- [Task details] Please restate each line of the material word for word and omit any pictures.
Dataset content Start Marker
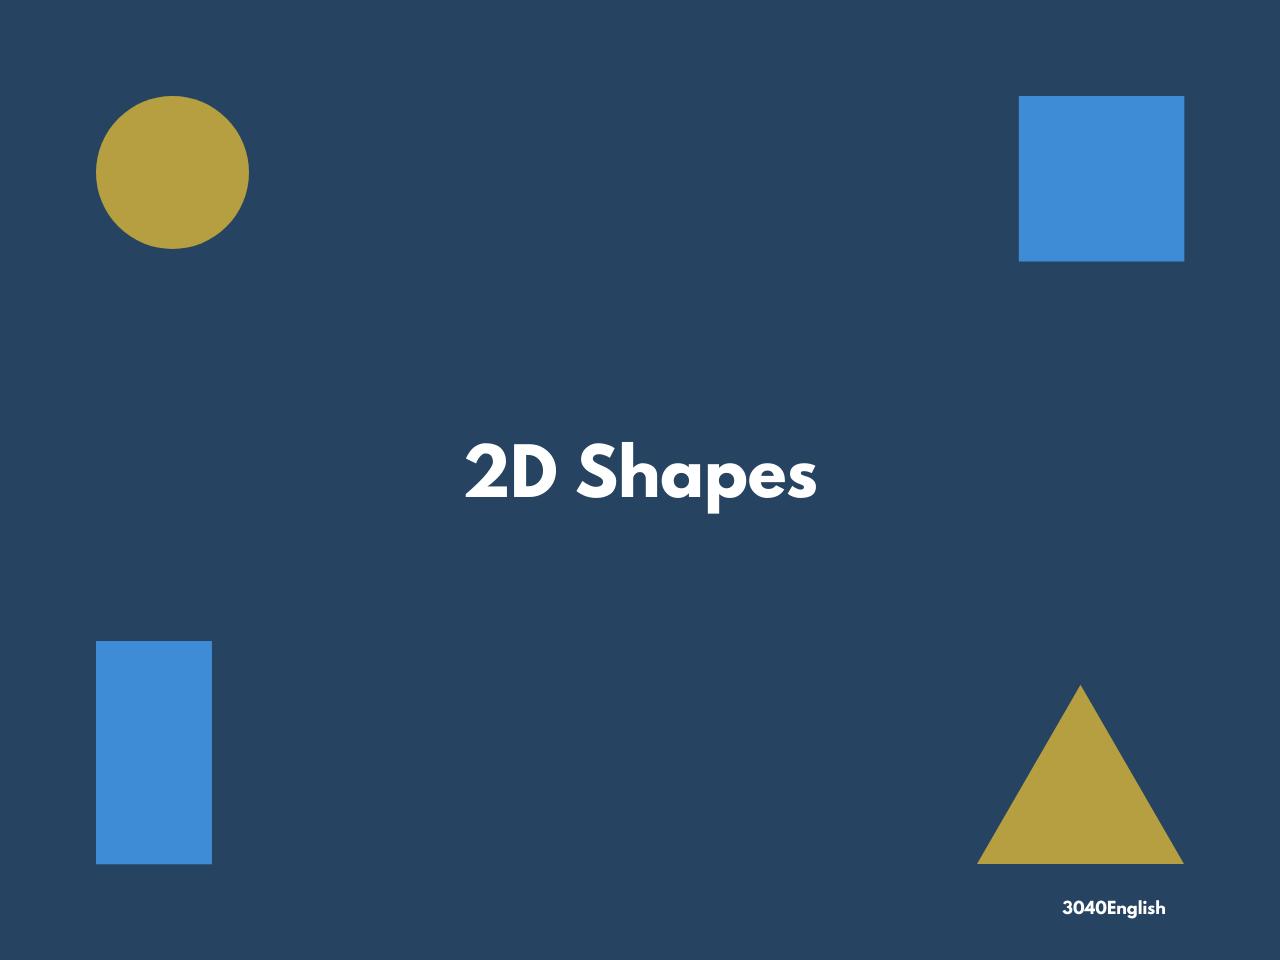 平面図形の英語表現【丸・三角・長方形・正方形など】
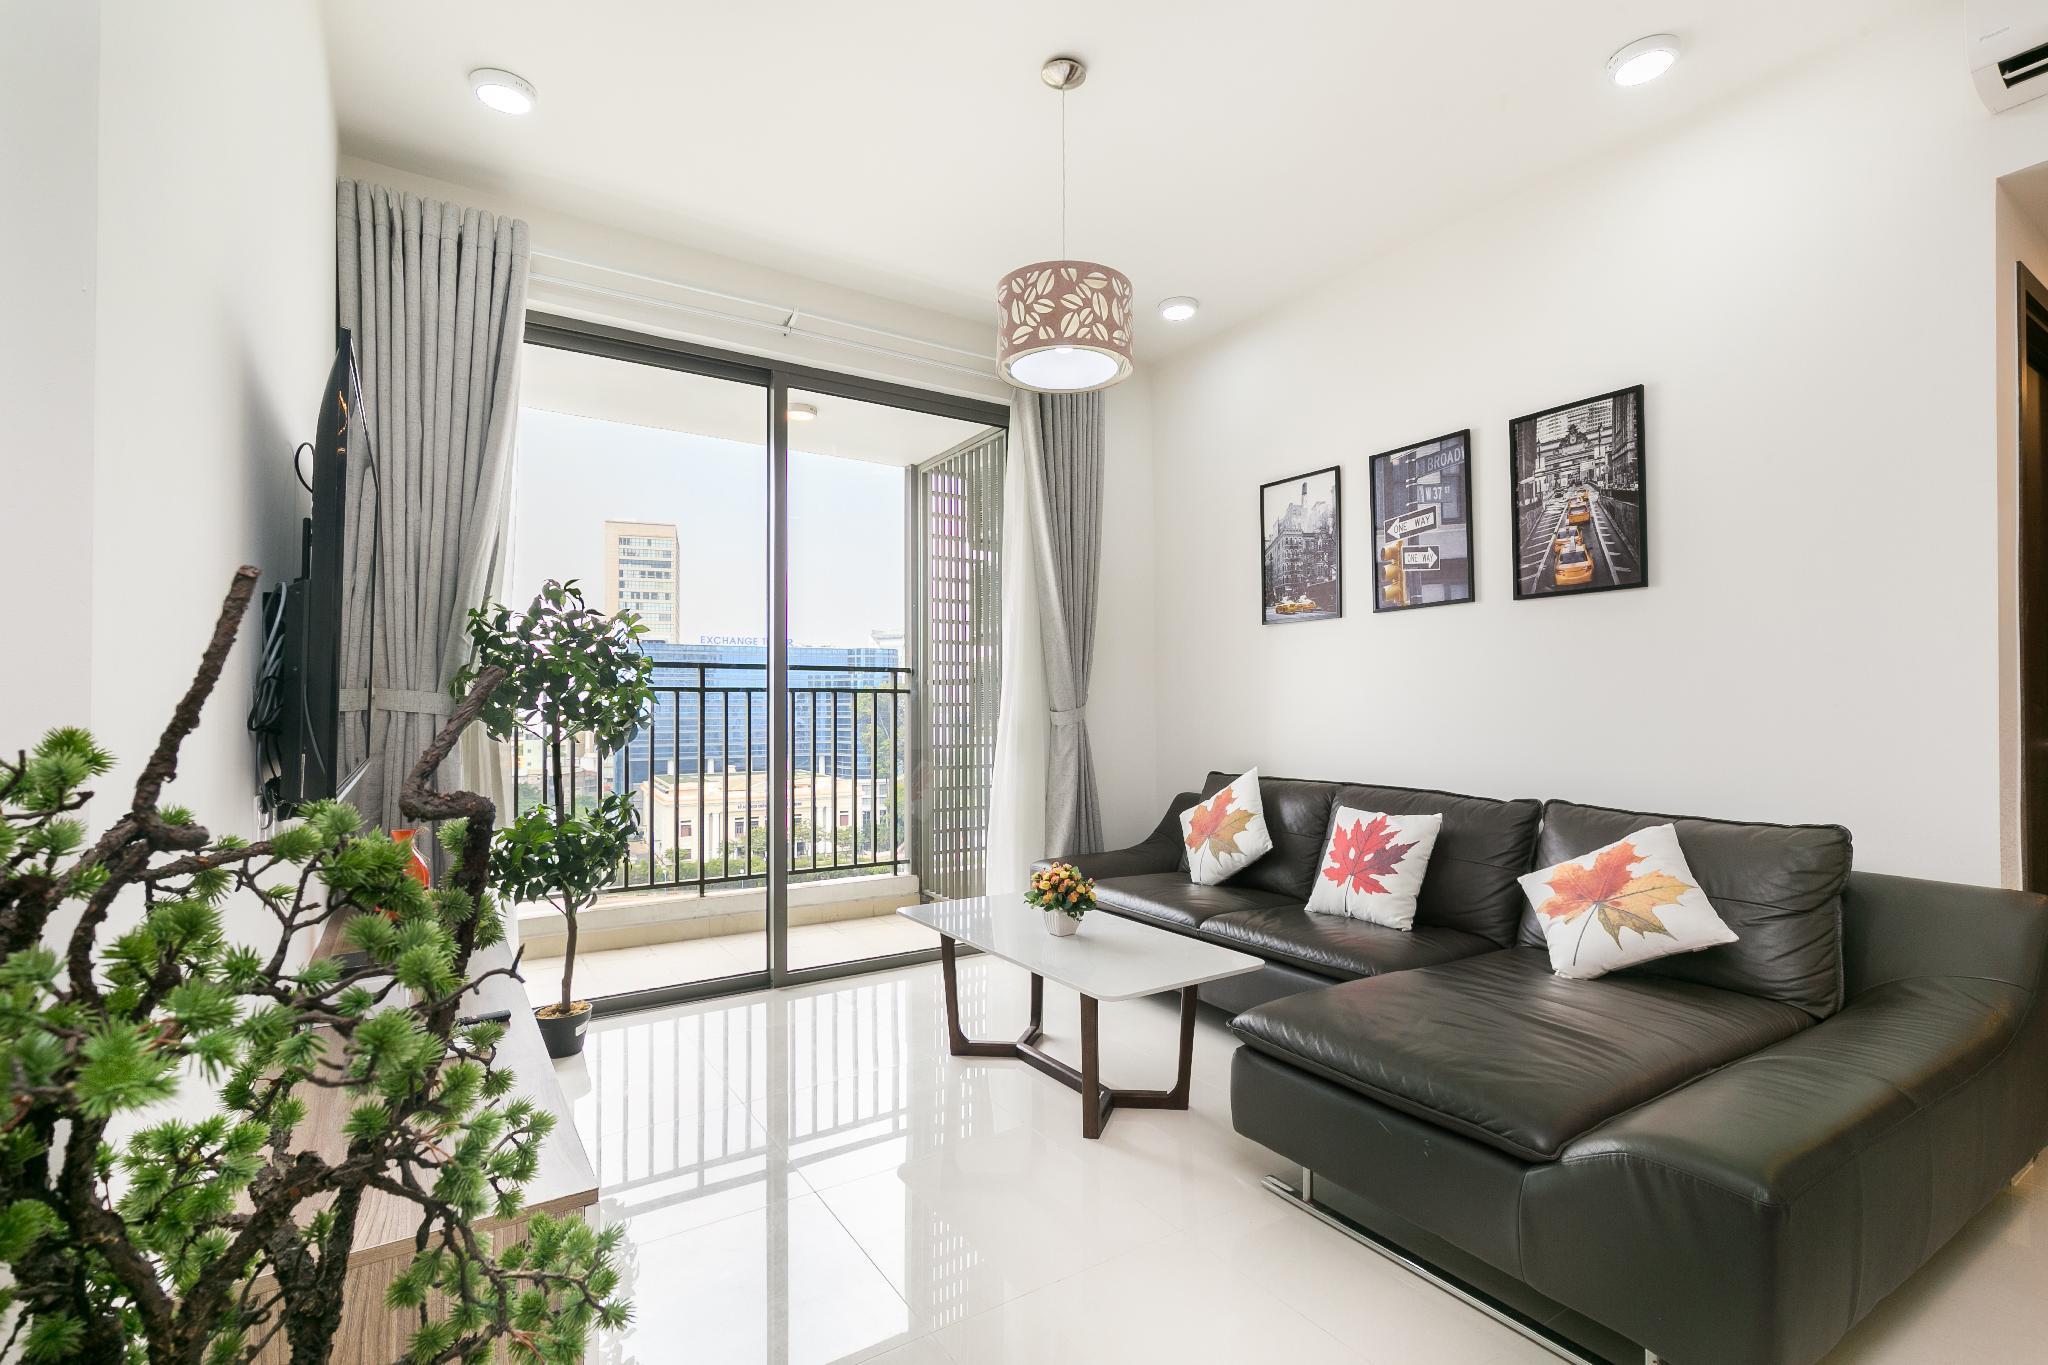 Private Cosy&Charming 3BR Apartment in CBD*Tresor
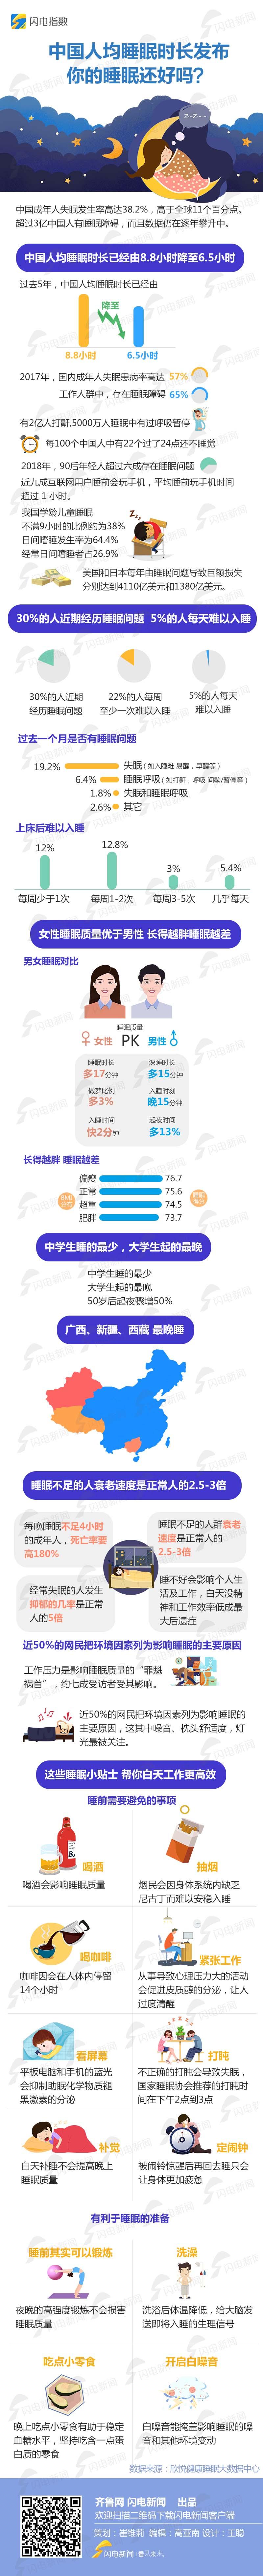 闪电指数|中国人均睡眠时长由8.8小时降至6.5小时,90后男胖子睡眠最差!
Dataset content End Marker
- [Exercise solution]
 平面図形の英語表現【丸・三角・長方形・正方形など】
 Private Cosy&Charming 3BR Apartment in CBD*Tresor
 闪电指数|中国人均睡眠时长由8.8小时降至6.5小时,90后男胖子睡眠最差!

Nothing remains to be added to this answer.